Suitability of PCR primers for characterizing invertebrate communities from soil and leaf litter targeting metazoan 18S ribosomal or cytochrome oxidase I (COI) genes

- Universal 18S primers are accurate in identification of animal voucher DNA and eDNA.
- Degenerate COI primers consistently amplify bacterial eDNA rather than animal eDNA.
- A wide breadth of invertebrate taxa can be amplified by universal 18S PCR primers.
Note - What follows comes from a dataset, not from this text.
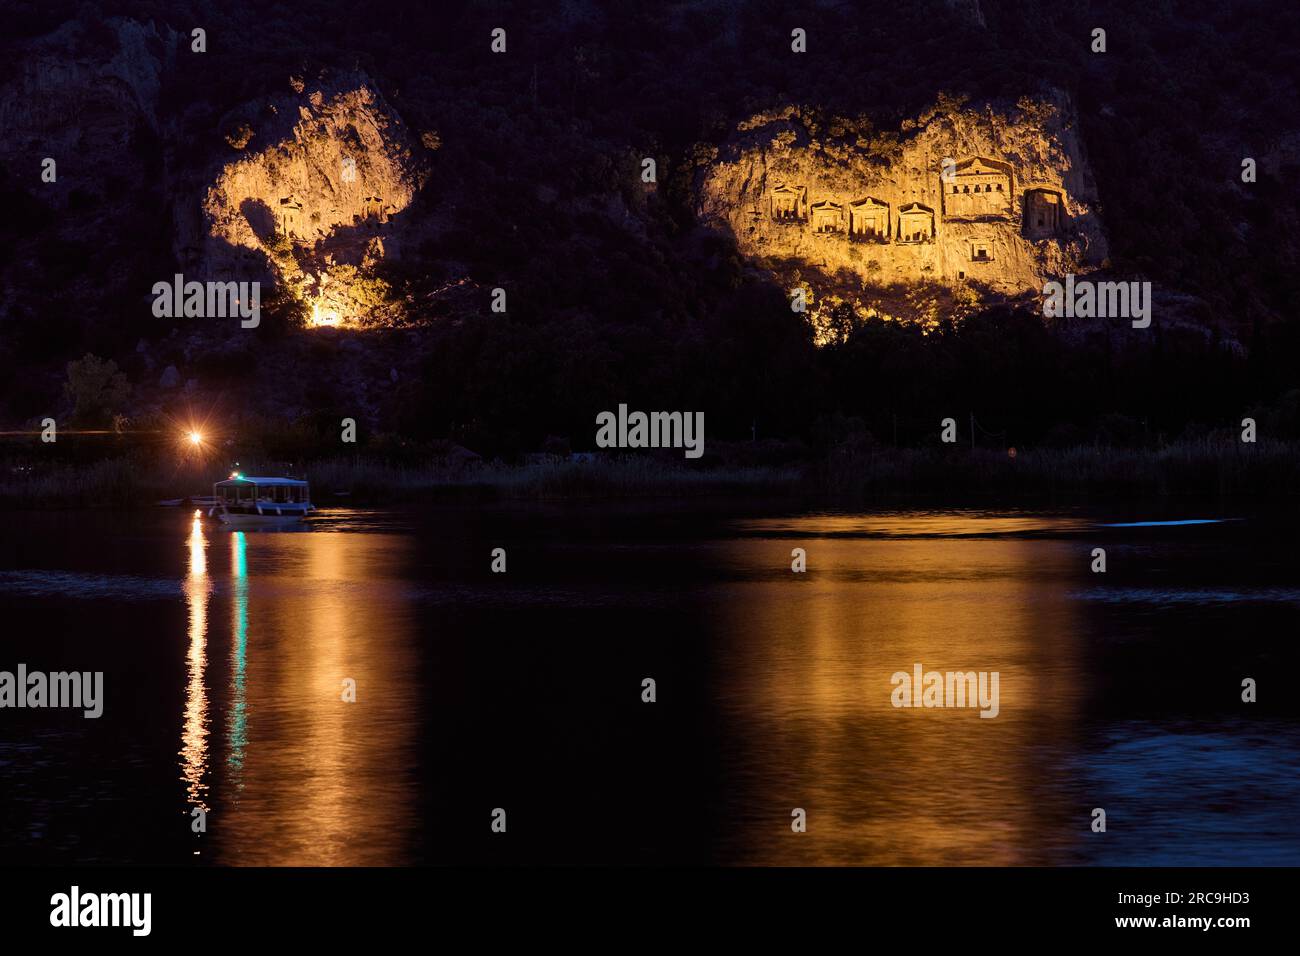 Nachtaufnahme der beleuchteten Lykische Felsengraeber in einer Felswand von Dalyan, Tuerkei |scatto notturno di tombe di roccia Licia illuminate in una roccia Foto Stock

Sequencing of environmental DNA (eDNA) for community analysis (i.e., eDNA metabarcoding) is already well established and applied in molecular microbial ecology. However, molecular methods for use in soil animal studies require further development before high-throughput sequencing can be considered a reliable technique in community ecology. To aid in this effort, we compare primers that target two frequently used genetic markers, mitochondrial cytochrome oxidase (COI) and ribosomal 18S genes, to determine their utility in broad soil animal eDNA studies. DNA was analyzed from individually identified invertebrates to test the efficiency of the primer sets in successfully targeting animal DNA and identification through sequencing. Primers were also tested for amplification of faunal genes from forest soil and leaf litter eDNA. Targeting the 18S gene resulted in the most successful amplification and correct identification of a wide range of individual invertebrate taxa, and was the most reliable primer set for use in eDNA analysis of invertebrate communities spanning several phyla. In contrast, the selected COI primers were inefficient in identifying a wide range of invertebrates, and amplified mostly bacterial sequences from eDNA.